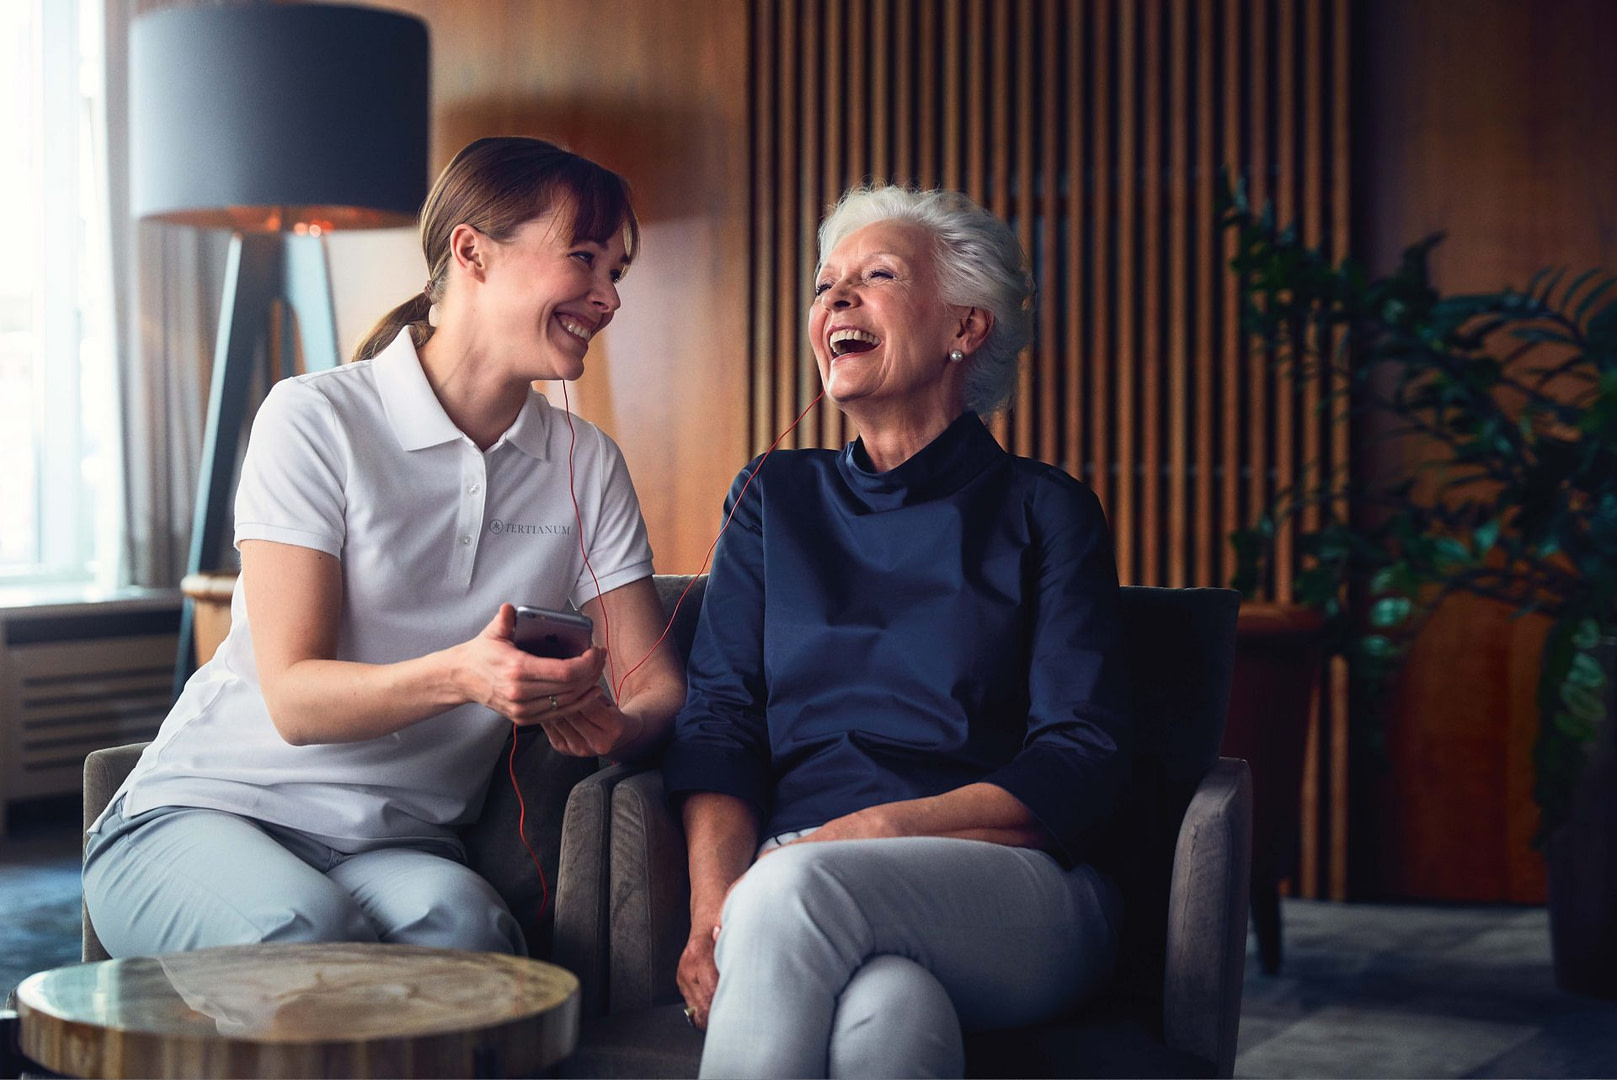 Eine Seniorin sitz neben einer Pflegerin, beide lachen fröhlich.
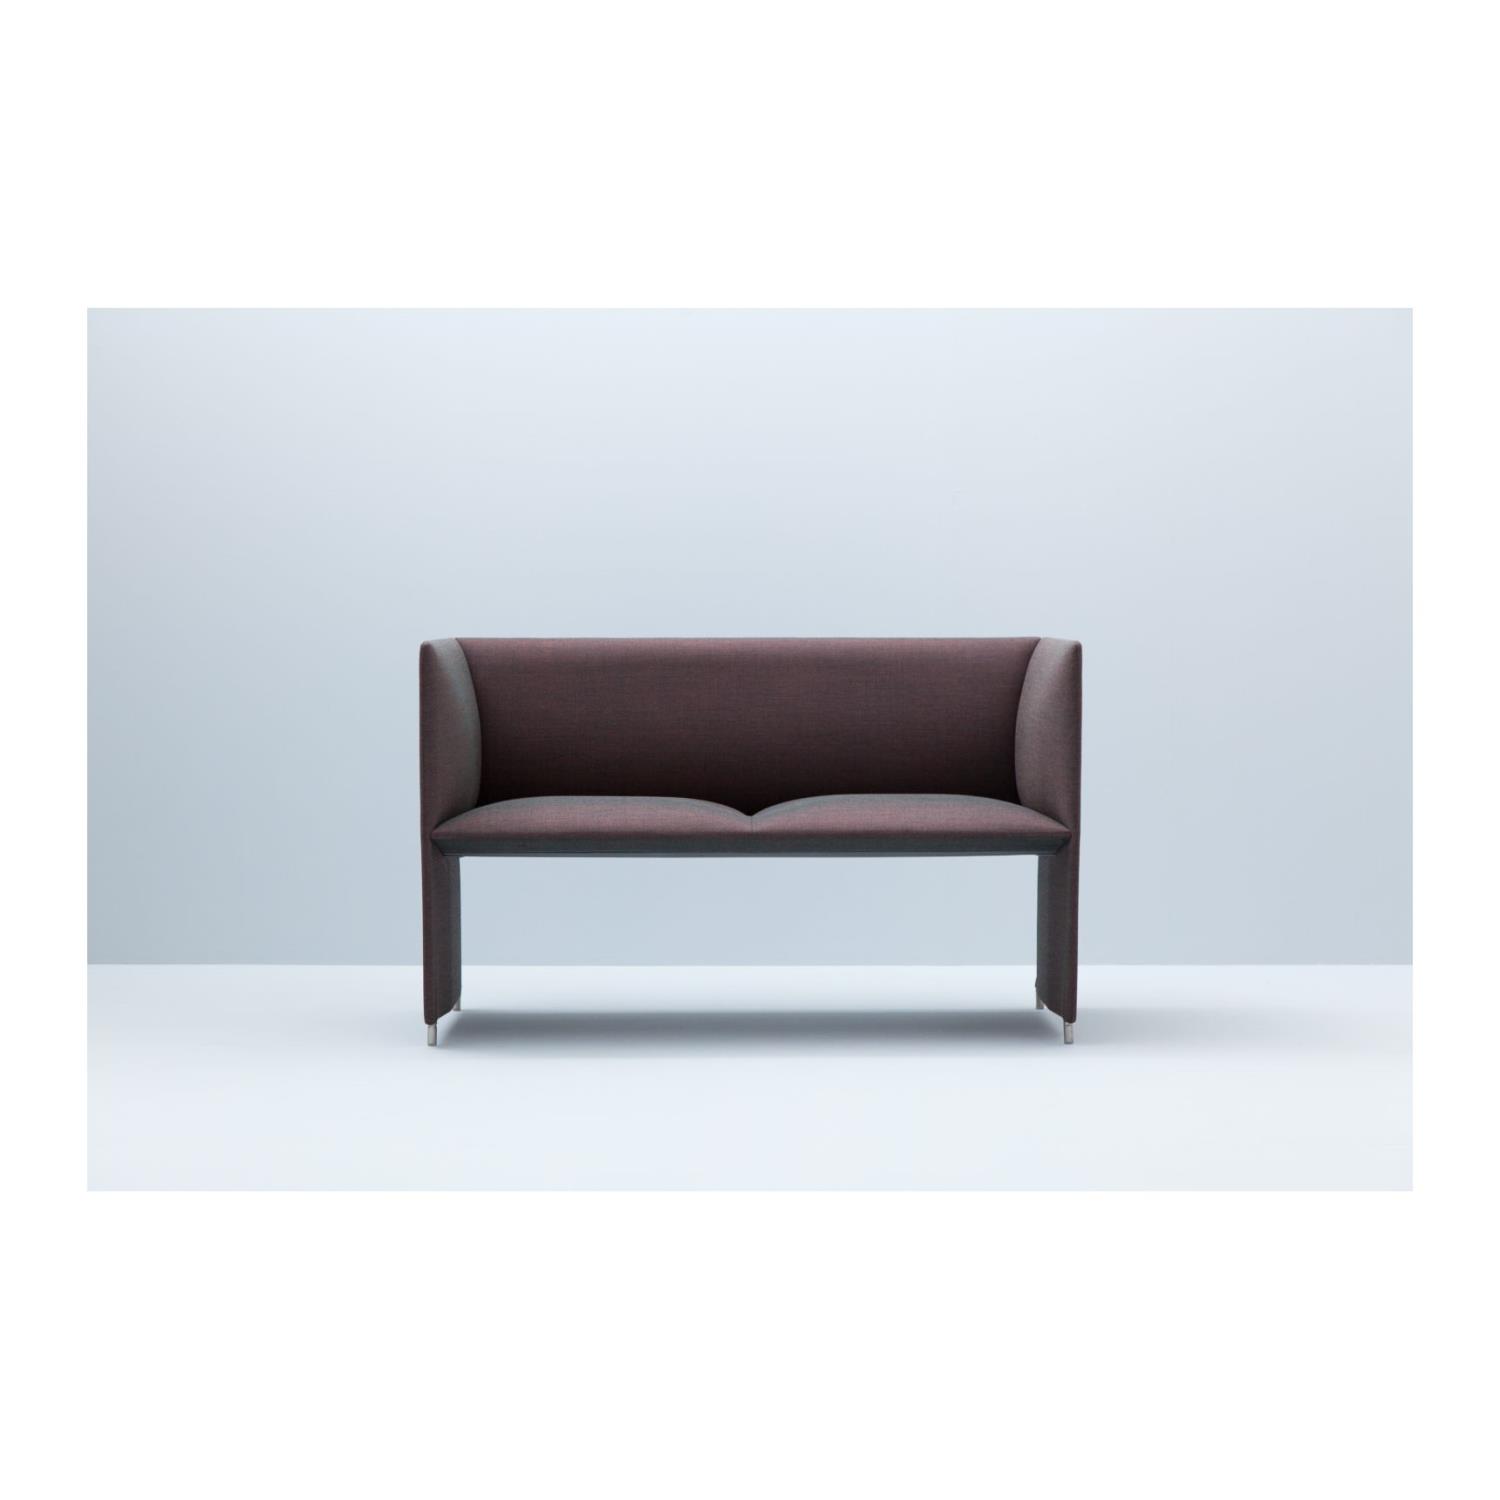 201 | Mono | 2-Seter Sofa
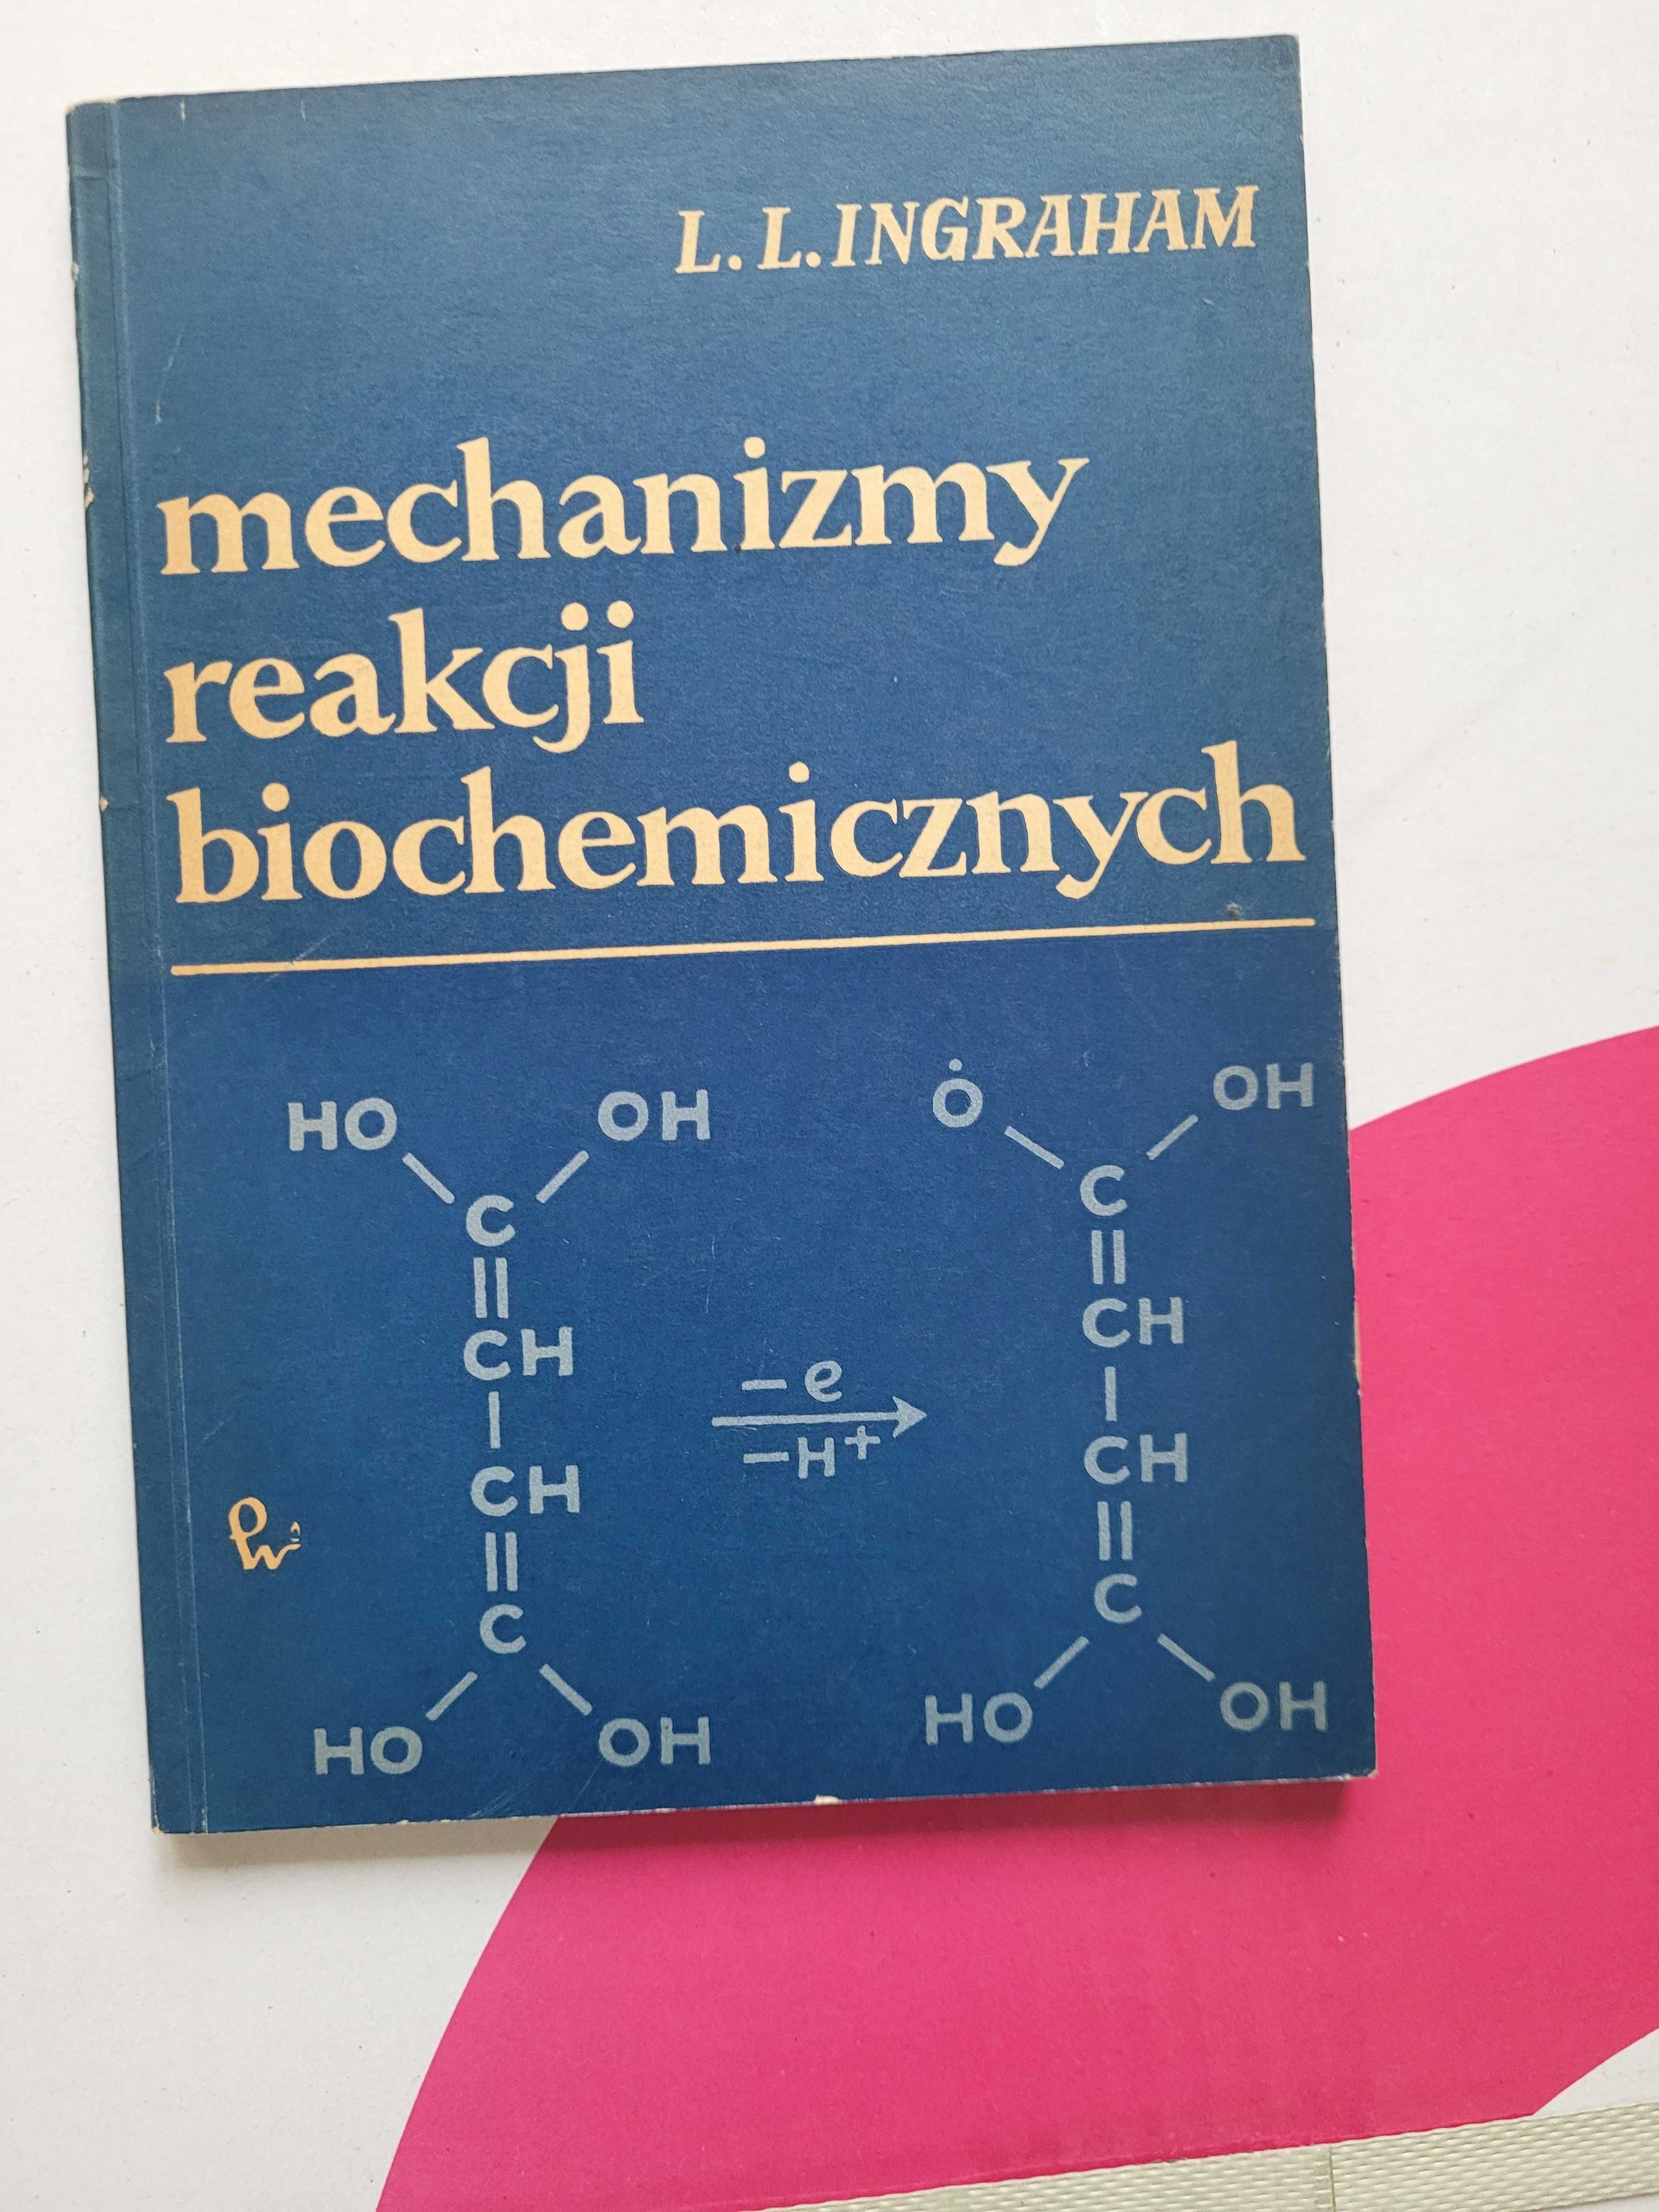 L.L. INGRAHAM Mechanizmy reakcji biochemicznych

The task => Write the material out again exactly. Skip each picture.

Solution to this exercise =>
 Eine Seniorin sitz neben einer Pflegerin, beide lachen fröhlich.
 201 | Mono | 2-Seter Sofa
 L.L. INGRAHAM Mechanizmy reakcji biochemicznych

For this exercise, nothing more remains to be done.